Such a big topic with so much to say on it. I suppose I'll leave my thoughts in simplicity.

Death is what you make of it, quite honestly, you who are left when others pass. It is a gift, a curse, a blessing, and those can only be seen or measured by the eyes left behind. It is what it is, and is only subjective to those who are now missing someone.

And beyond that, I'm sorry for your loss. It's devastating and so much harder when they are an integral part of your life as opposed to some strange ambulatory art piece.
daisydumont
Jan. 28th, 2011 09:50 pm (UTC)
>choosing death for Jackson instead of suffering then I must be assuming that death was somehow a bad thing when perhaps it was not.

right, that's kind of what i was getting at. i may not worry a whole lot about god (less than i used to, at least), but i think allowing others to suffer when the suffering could be ended is just wrong. i hated watching gerry's suffering in the last months. it was his to go through, though, not mine. still, it has left me fairly crippled, and i'm not sure i'll ever get over it fully. probably not.

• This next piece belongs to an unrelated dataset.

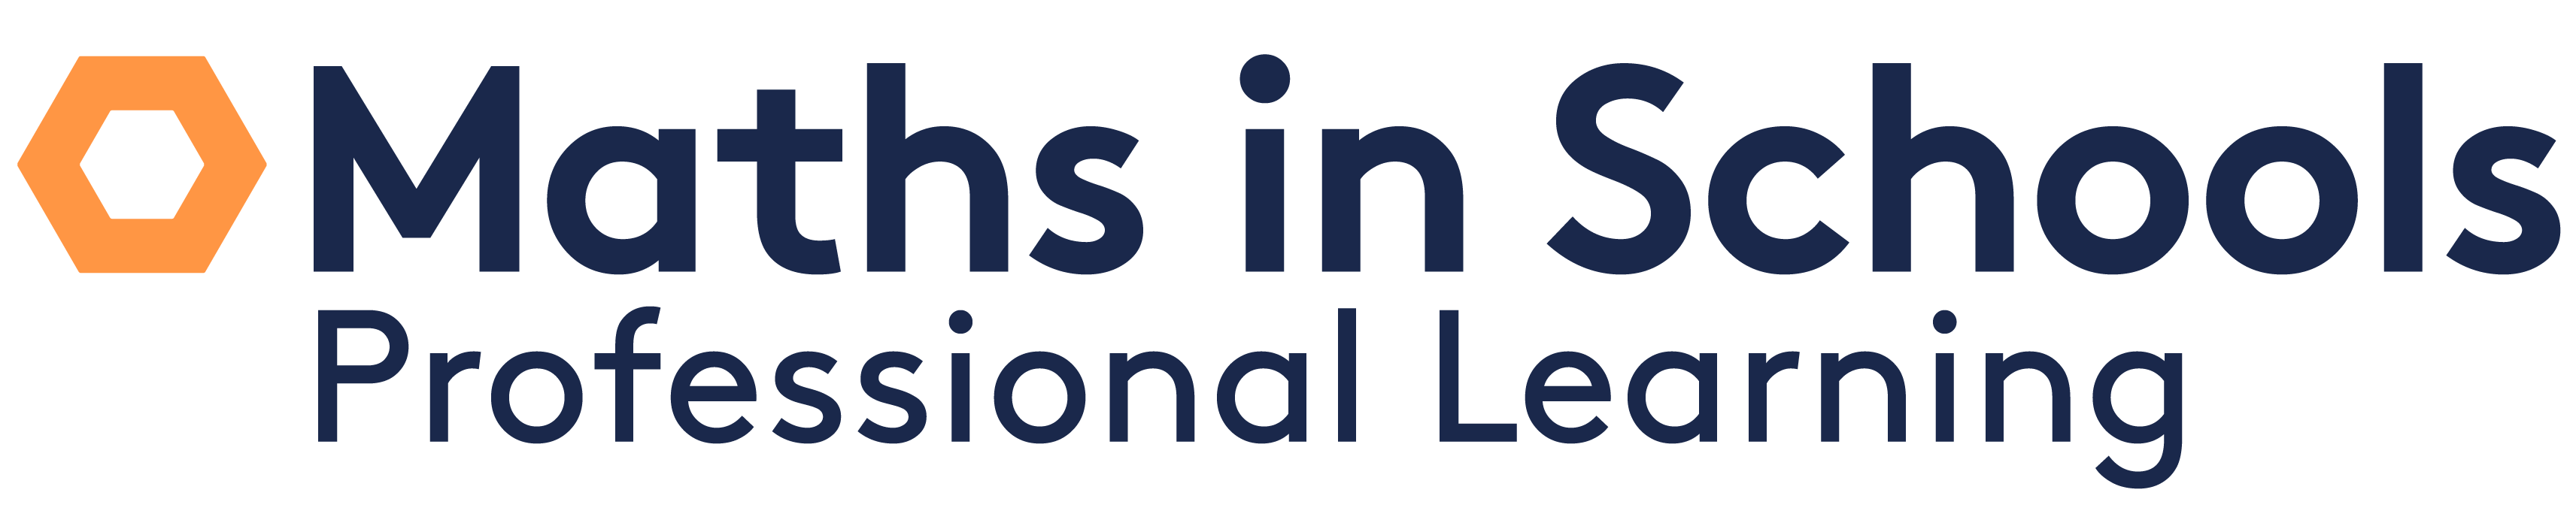 Maths in Schools Professional Learning logo

saying death isn't necessarily bad isn't the same thing as saying it's good. as you say here, it just is. (theology seems to me in large measure humanity's desperate attempt to overcome that sense of just-isness and dissolution.)

please to excuse my thoughts, which are always multiple times shallower than yours.
eriktrips
Jan. 28th, 2011 10:05 pm (UTC)
I don't think your thoughts are any shallower than mine; you just are not burdened with a grad school method for thinking. There are usually infinite ways to say what is not necessarily quite the same thing but what is at least made up of all the angles from which it can be approached.

I welcome your thoughts. :)
zoe_1418
Jan. 28th, 2011 10:52 pm (UTC)
I'd like to ride on both your coattails on this...both of you being more eloquent than I. What you said!